In Edinburgh, as always happens, I took a lease of life and shared it with my younger son. We had a happy few days listening to authors, a really peculiar thing to enjoy doing, but we do. I continued to see jokes and architectural detail, two things that keep me going, though only as it were in stroboscopic clatters of vision.

My son returned to school and autumn was upon us.

Opposite me in Oxford lived two neurologists. The wife was slight, pretty, part-Chinese. By now, if I did have friends to visit, I was experimenting with wearing a green hat indoors to see whether this soothed my sight. I had accommodated to the difficulty of combining walking with seeing by capping the reclusion I had been working on for a decade with completely hermetic habits. I had stopped attending all meetings, including AA, save those for the Man Booker Prize for Fiction 2006.

I visited the GP once more and met a new doctor, young, surrounded by books; on his wall – I saw! – was my favourite New Yorker cartoon, showing a snail in love with a Sellotape dispenser. I told him what had happened, that my world had narrowed quite and that I found it difficult to open my eyes.

He used a word that made complete sense, a direct lift from the Greek. It was very rare, he said, but it did exist. The word was blepharospasm. Blepharon comes up a lot in Homer, and is the Greek for eyelid. Spasm was it.

I was relieved that I had not been making all this up.

My neighbour the pretty part-Chinese neurologist knocked at my door one dusk in September. I wasn’t actually wearing my green hat, as I had been alone. Nor was I wearing sunglasses. I could manage by, as I had come to think of it, ‘striving’ with my neck and chin, to focus a bit and gather from her outline who she might be, and I could smell that she had quinces about her person.

‘Can you not see me?’ she asked.

‘No, not really very well.’

‘I’ve got some quinces from our tree,’ she said, ‘and you have blepharospasm.’

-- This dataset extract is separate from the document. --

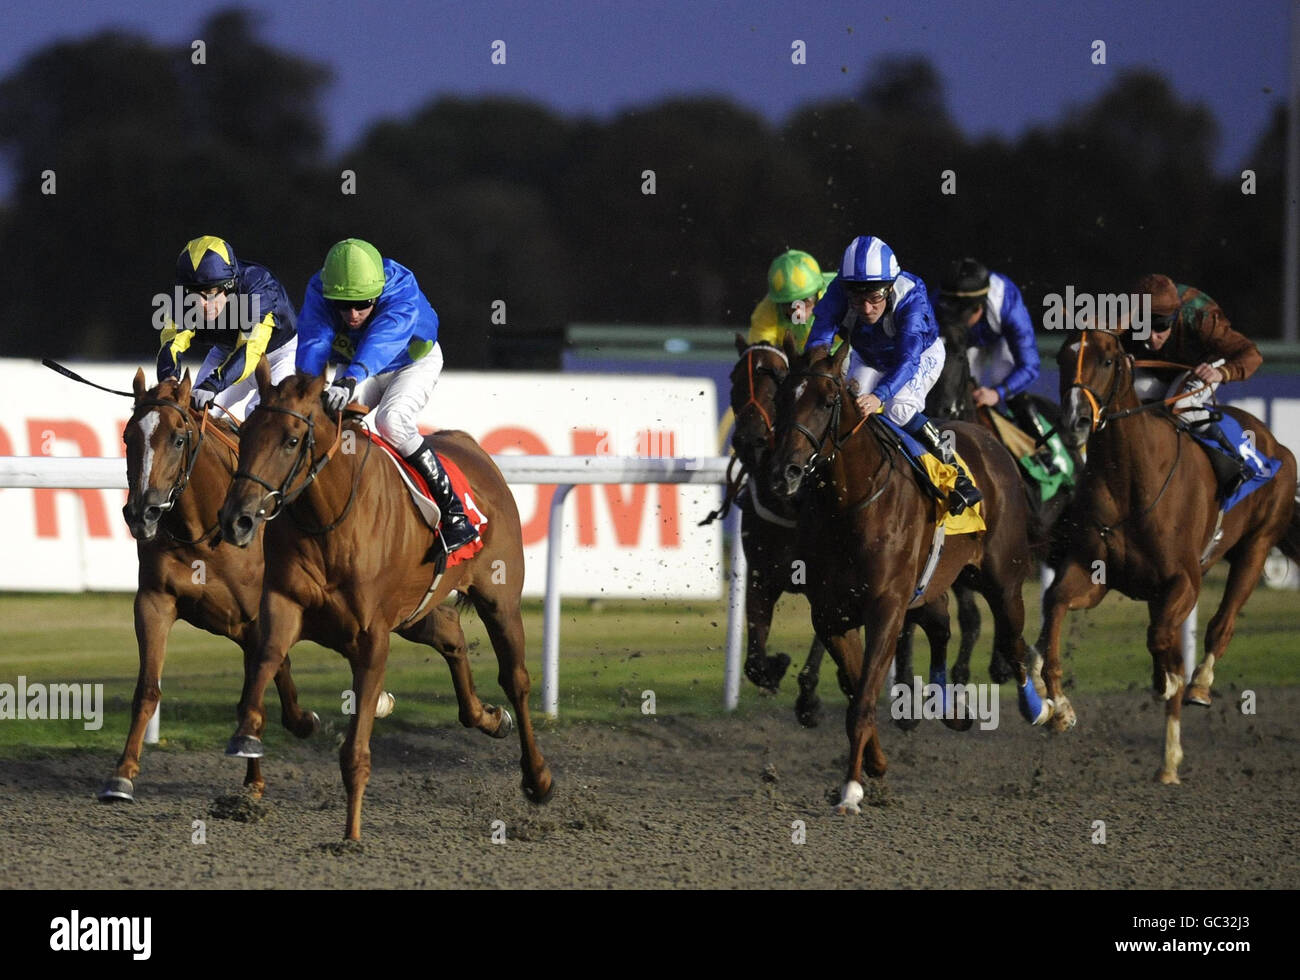 Horse Racing - Kempton Park Racecourse Stock Photo
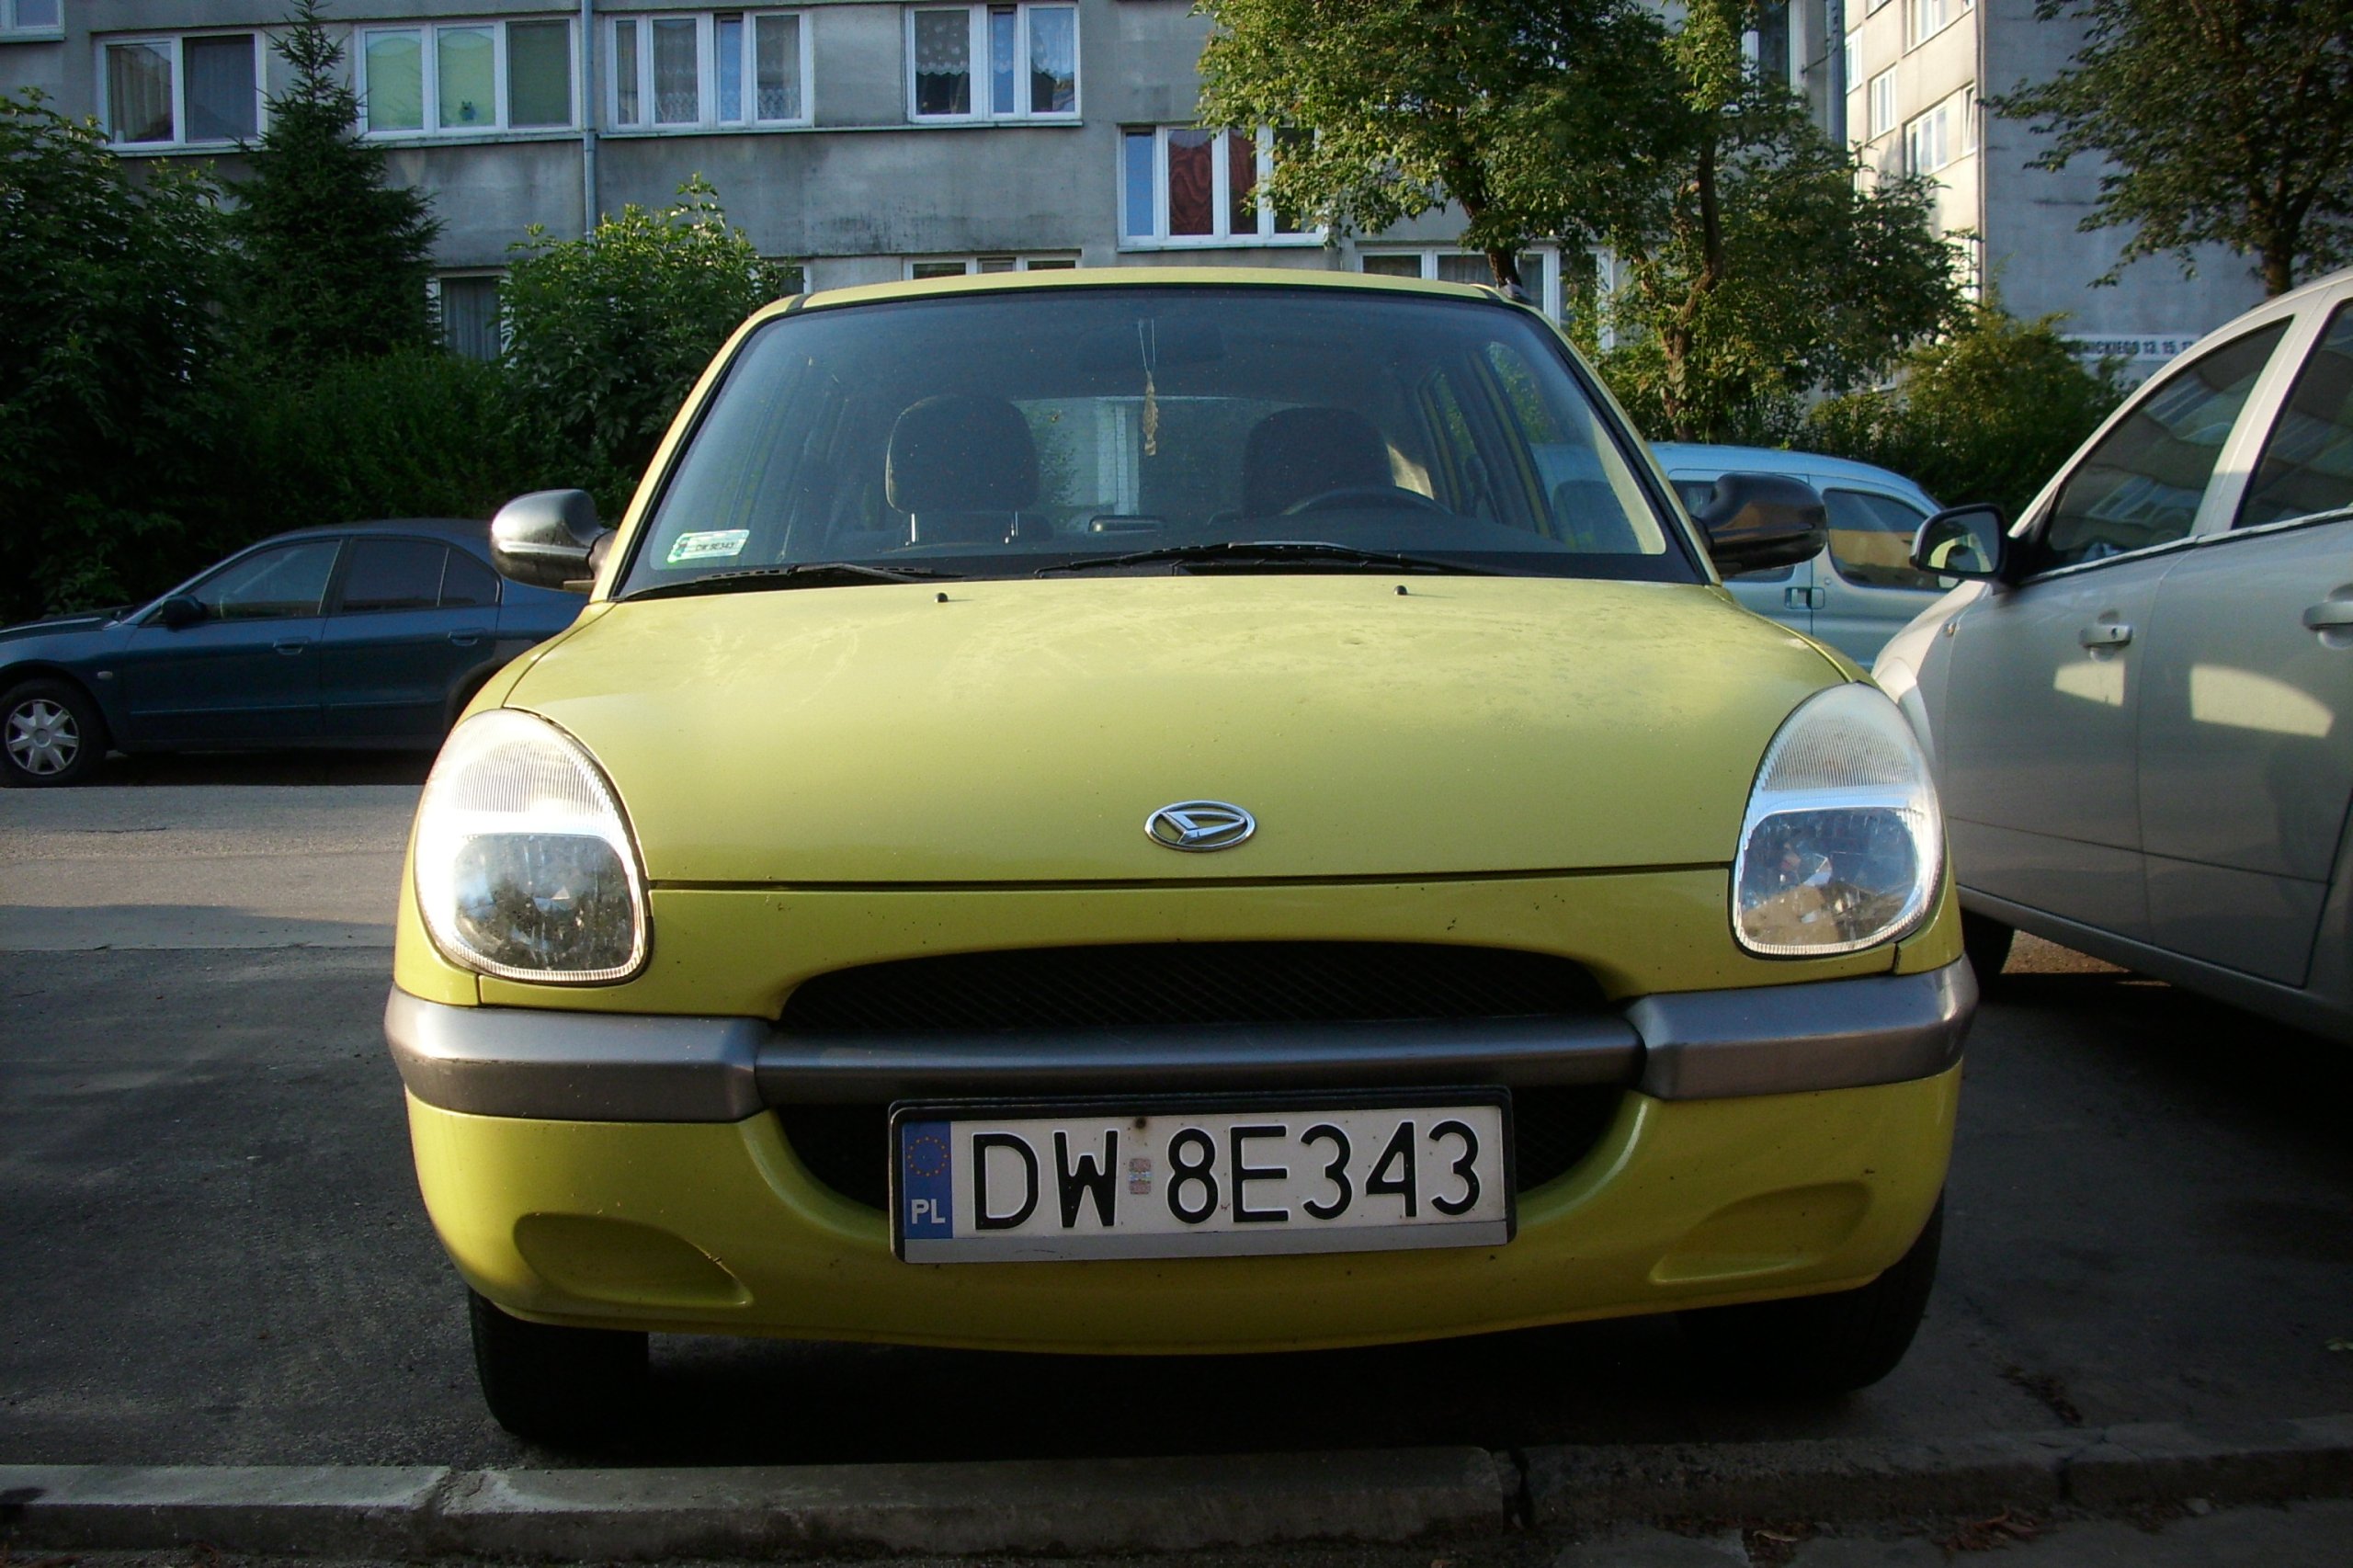 Daihatsu Sirion 1,0 1998r. Pilnie sprzedam TANIO

And so I do. My eyes are fine, my vision acute, but my eyelids will not open.

In order to gain sight, I grimace, stretch, peer and above all hold taut and high my already rather camel-like head with the result that I look, if I do go out, like the caricature of a snob. Mainly I take steps so as not to emerge from my tall thin house whose many and irregular stairs fill me with a reinforcement of the dread of falling to my death downstairs that I have had all my life; my parents’ house in Edinburgh had sustained such a death down its stone stairs, I had always gathered self-propelled; that was part of the reason they could afford it, I think.

I now have the elastic-braced white stick with which I hope to dispel the impression of a monstrous dowager with Tourettian facial tics and the creep-and-lurch gait of a not sufficiently surreptitious drunk. Also, of course, I don’t want to embarrass people, or to oblige them to ask if it is getting better. It doesn’t.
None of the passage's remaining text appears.